**INSTRUCTIONS FOR THE TASK**: Your job is to transcribe all the records that follow, excluding any pictures.
======== DATA RECORDS ========
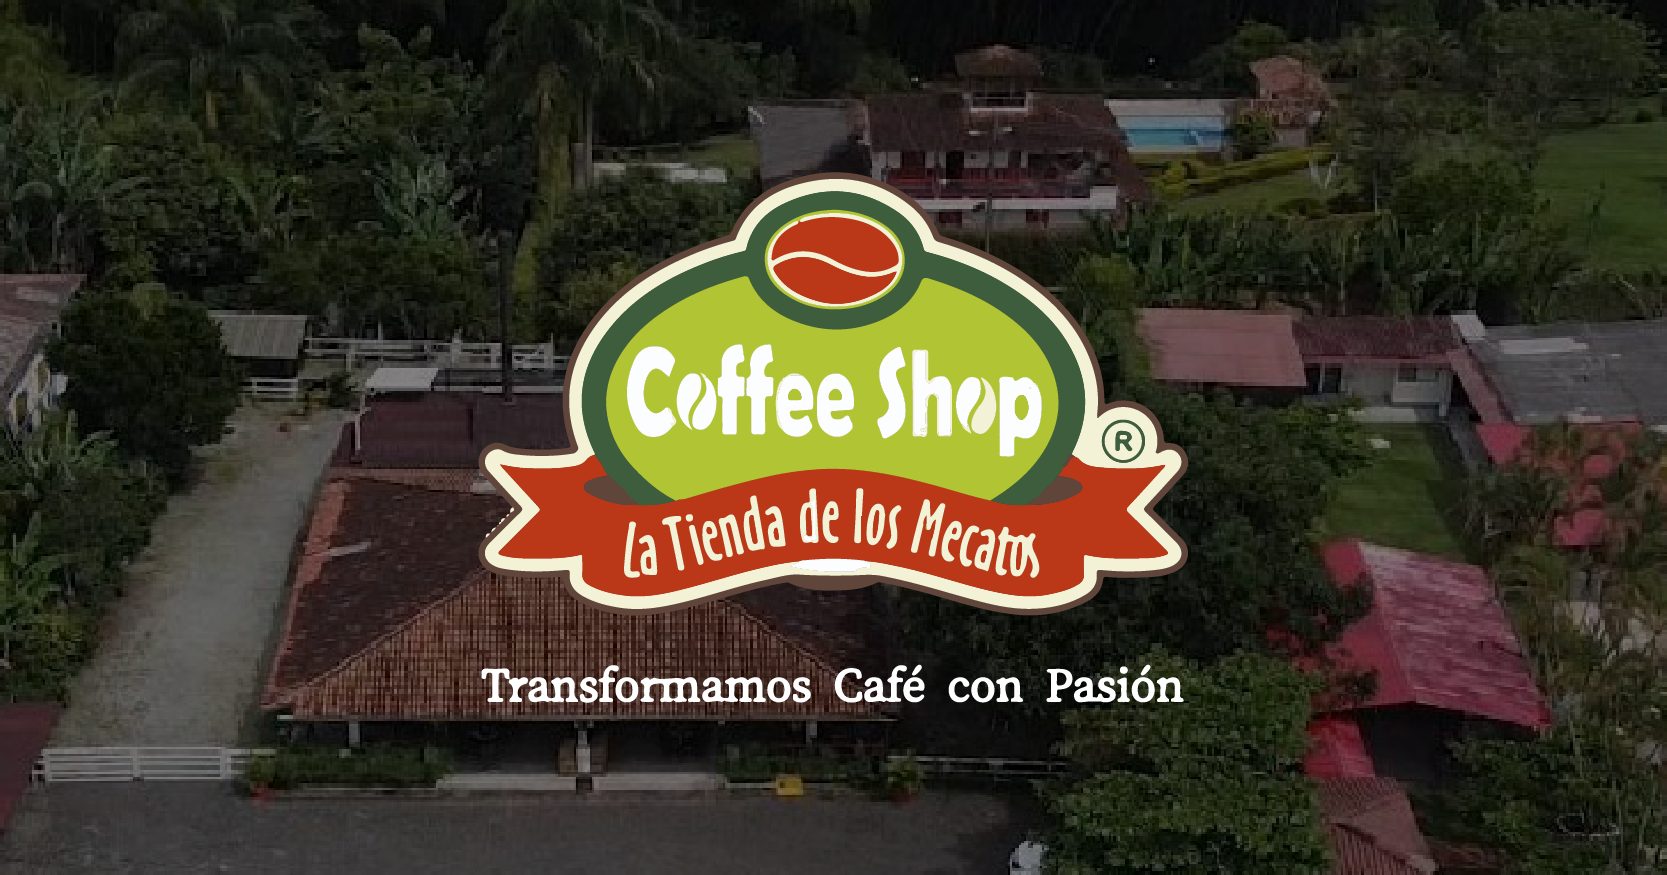 Coffee Shop La Tienda de los Mecatos
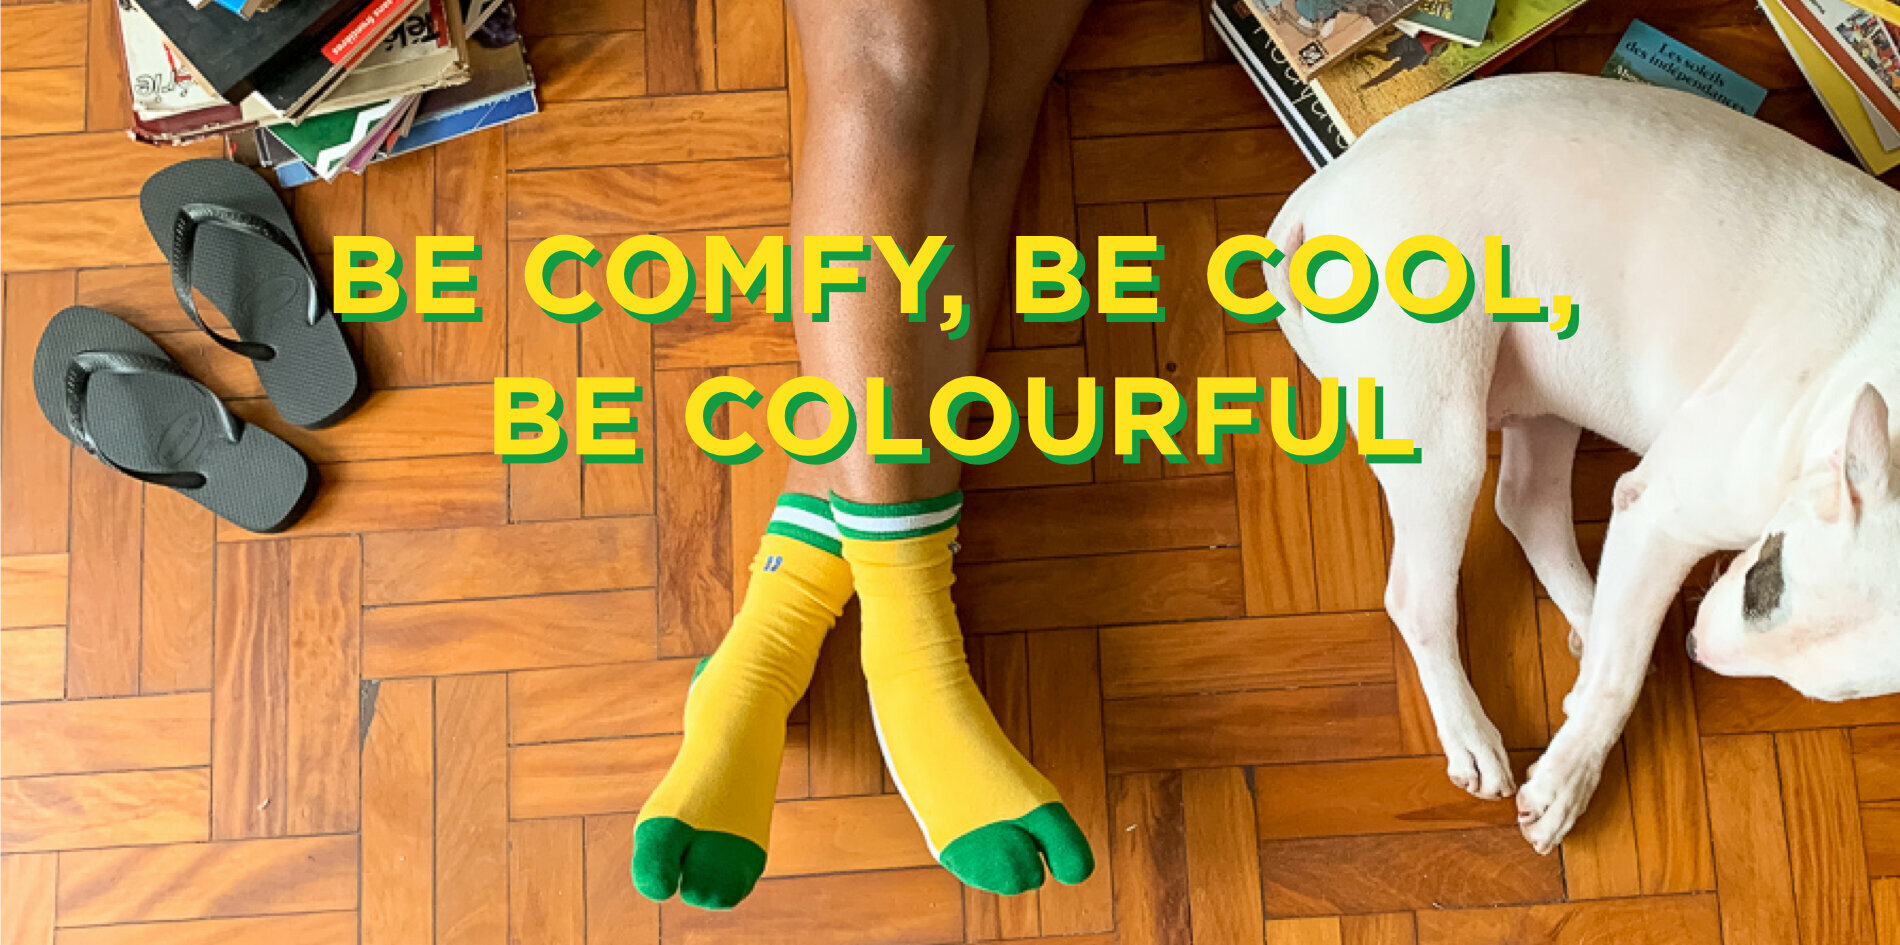 Be comfy, be cool,

laat je kleuren zien
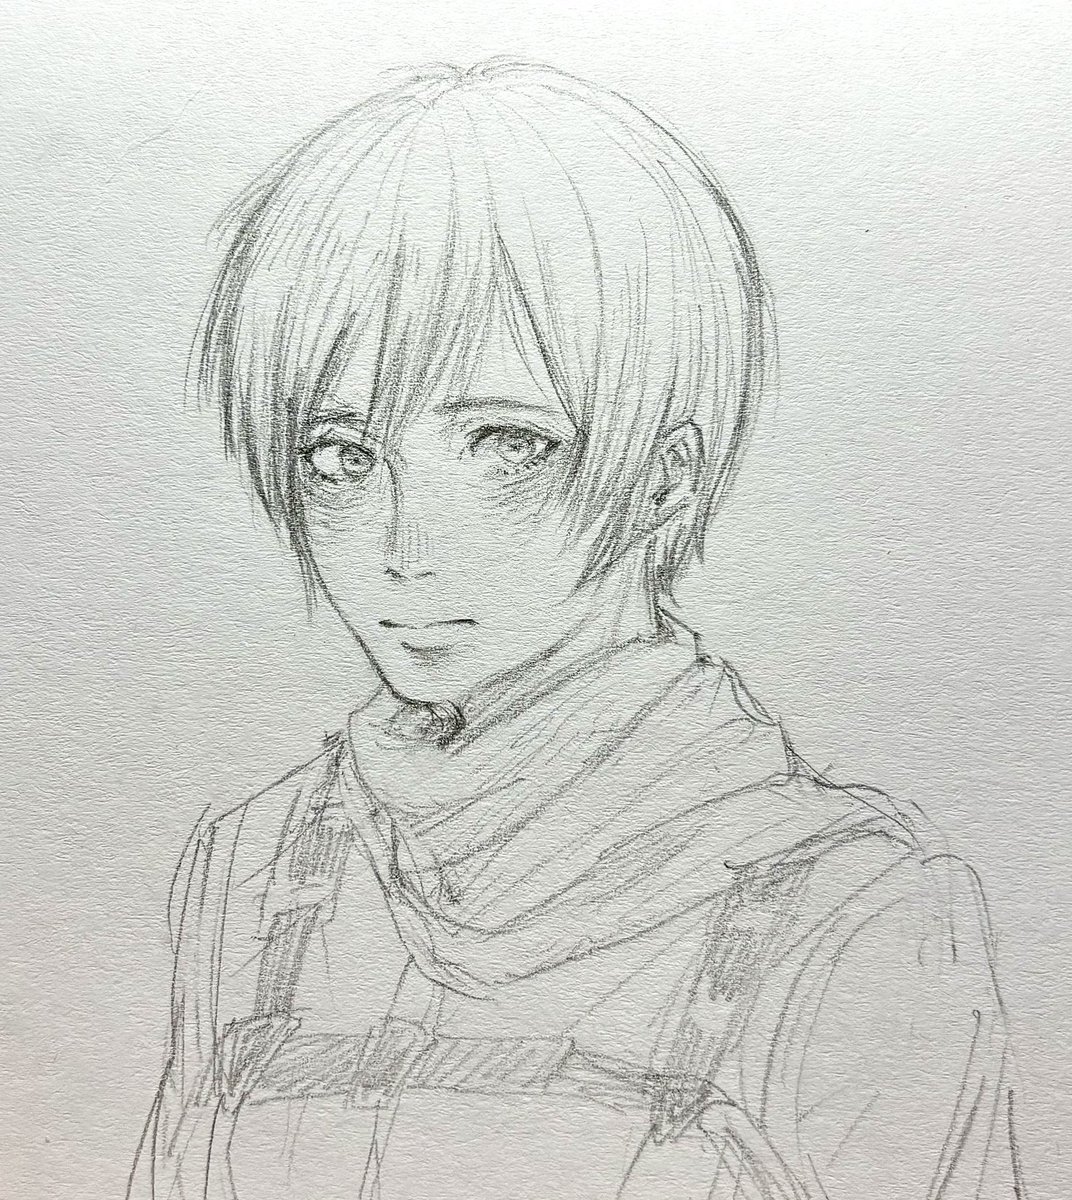 #MikasaAckerman 
#aot
========
**SOLUTION**:
 Coffee Shop La Tienda de los Mecatos
 Be comfy, be cool,

laat je kleuren zien
 #MikasaAckerman 
#aot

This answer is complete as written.